• _What to do_
For this exercise, the lines from the one with "Photo Corporate Promo" through the end of the material below must be output exactly, without pictures.

• _Source material_
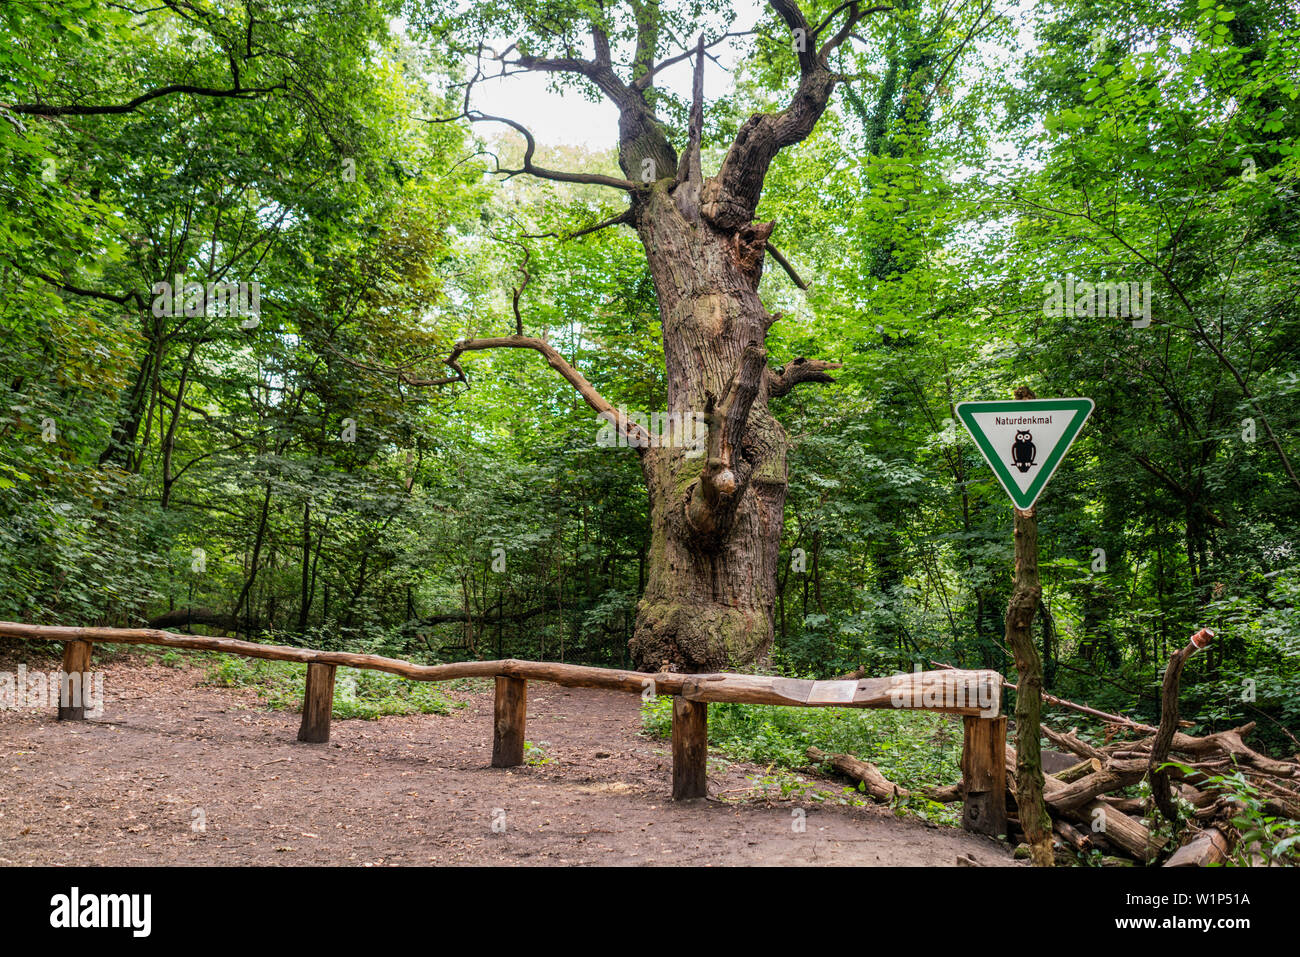 Dicke Marie, aeltester Baum von Berlin, ca. 500 bsi 700 Jahre alt, Durchmnesser 665 cm, Hoehe 26 Meter, Querus robur , Stieleiche, Tegeler See, Berlin Stock Photo
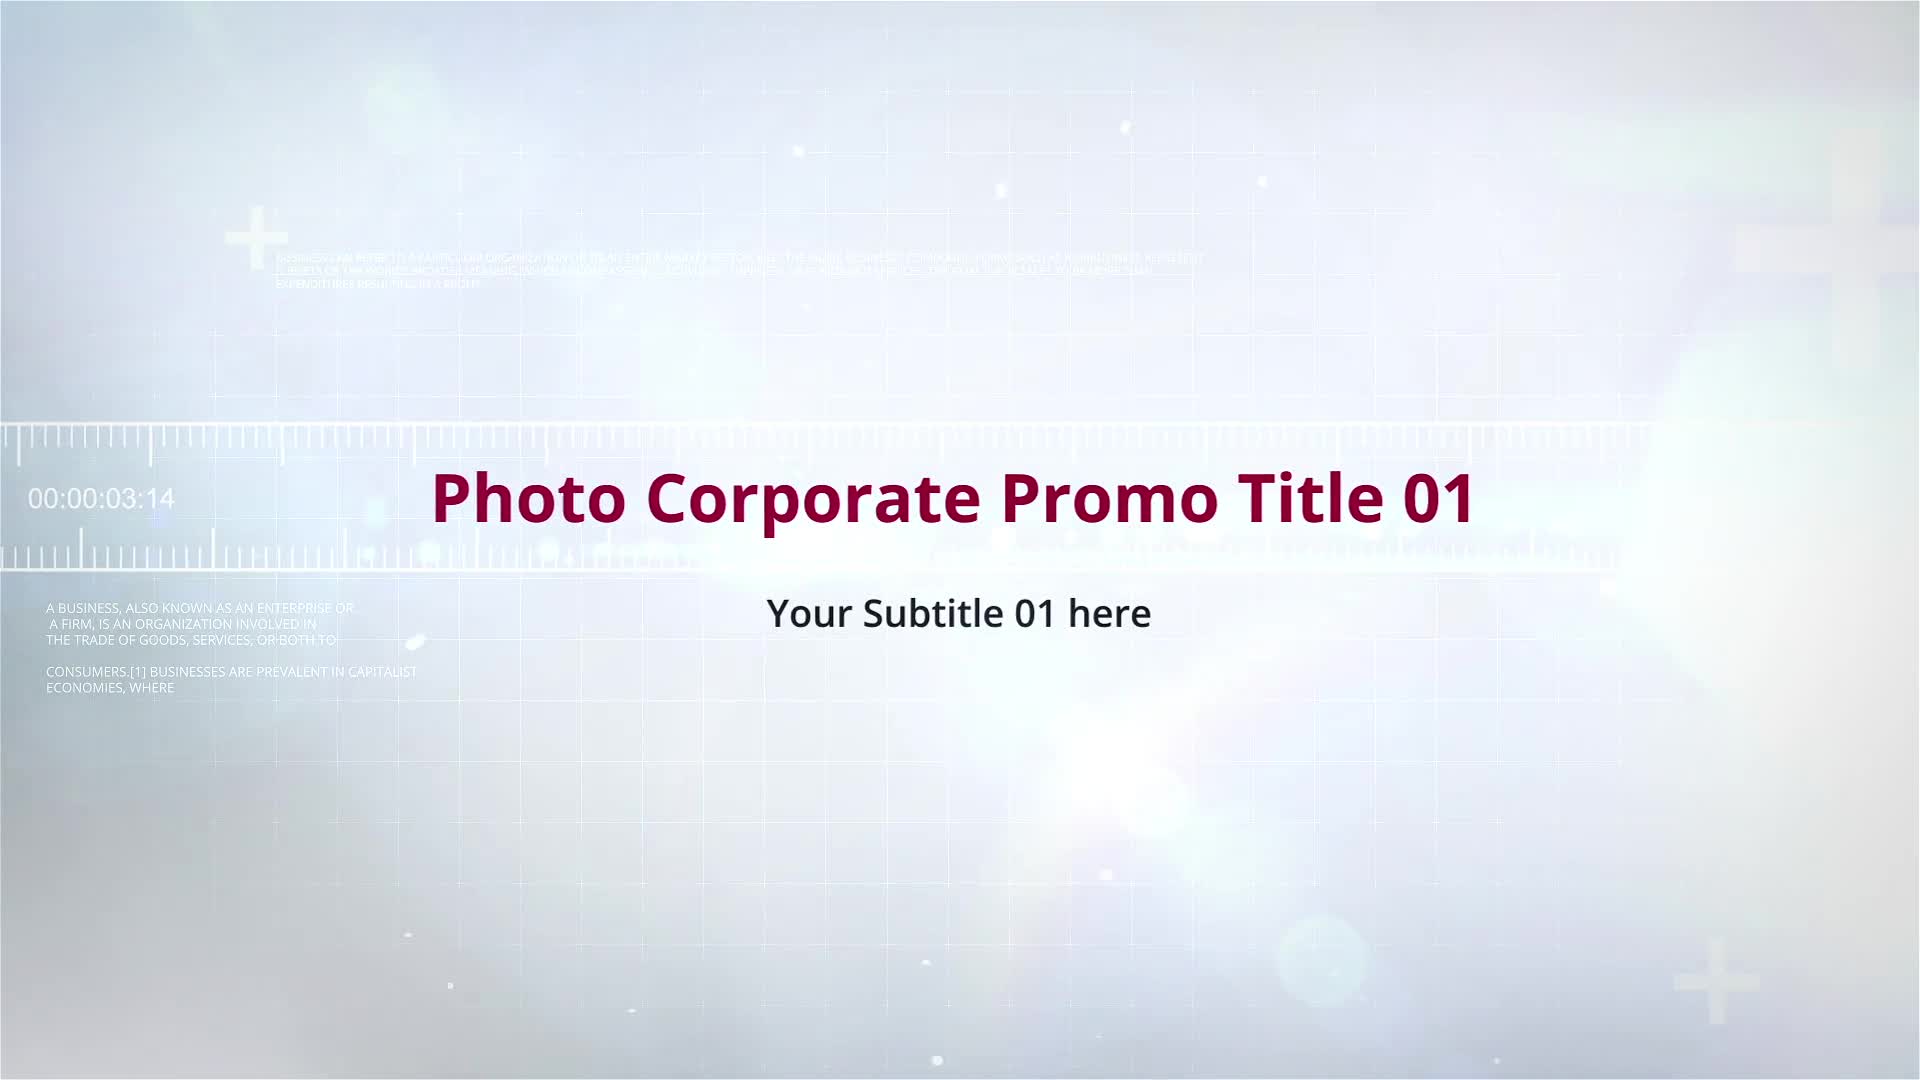 Photo Corporate Promo Videohive 32890001 Premiere Pro Image 1
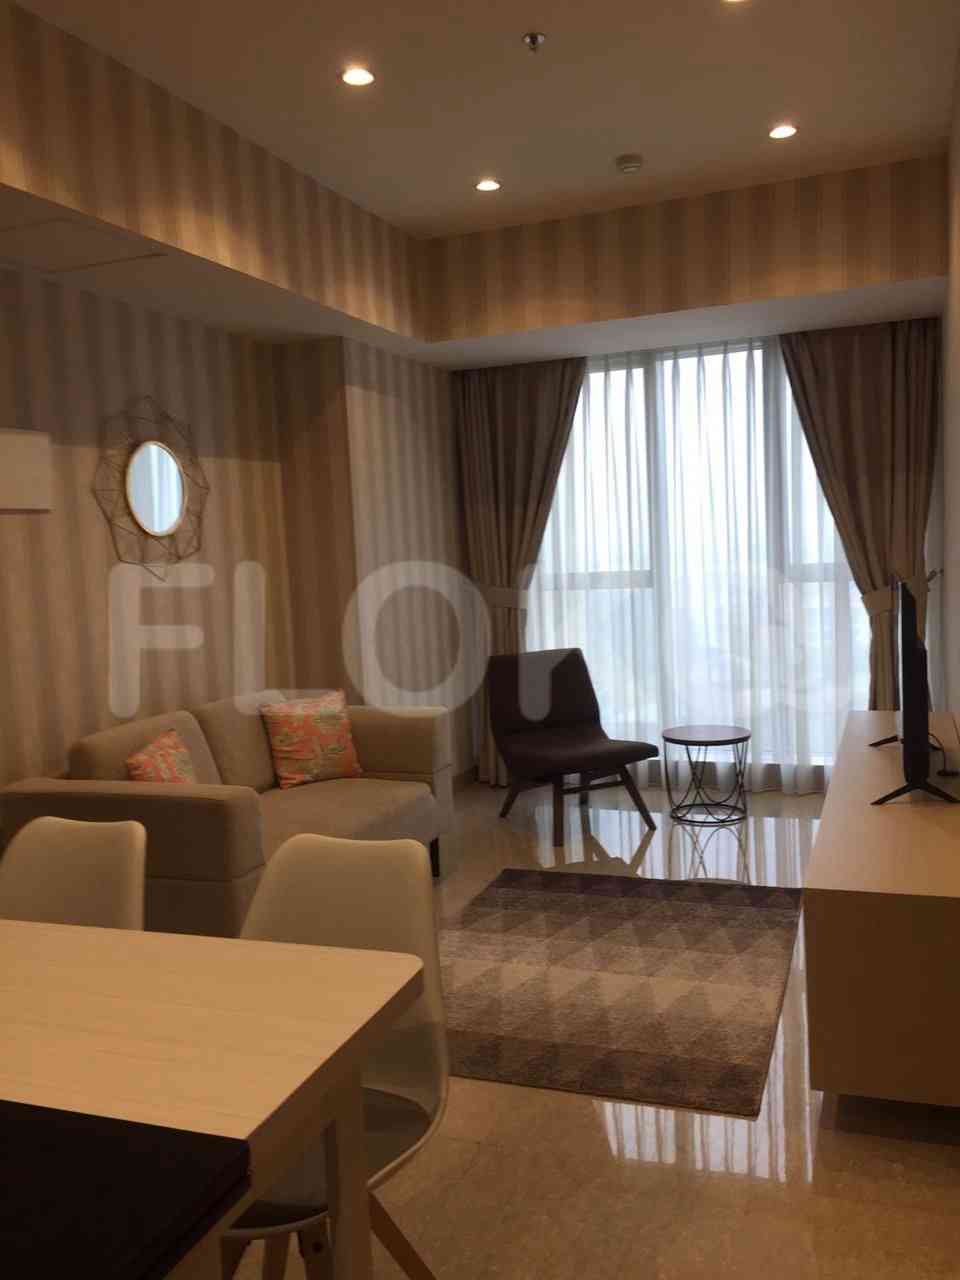 1 Bedroom on 17th Floor for Rent in Branz BSD - fbs9d0 1

• _Reply_
 Photo Corporate Promo Videohive 32890001 Premiere Pro Image 1
 1 Bedroom on 17th Floor for Rent in Branz BSD - fbs9d0 1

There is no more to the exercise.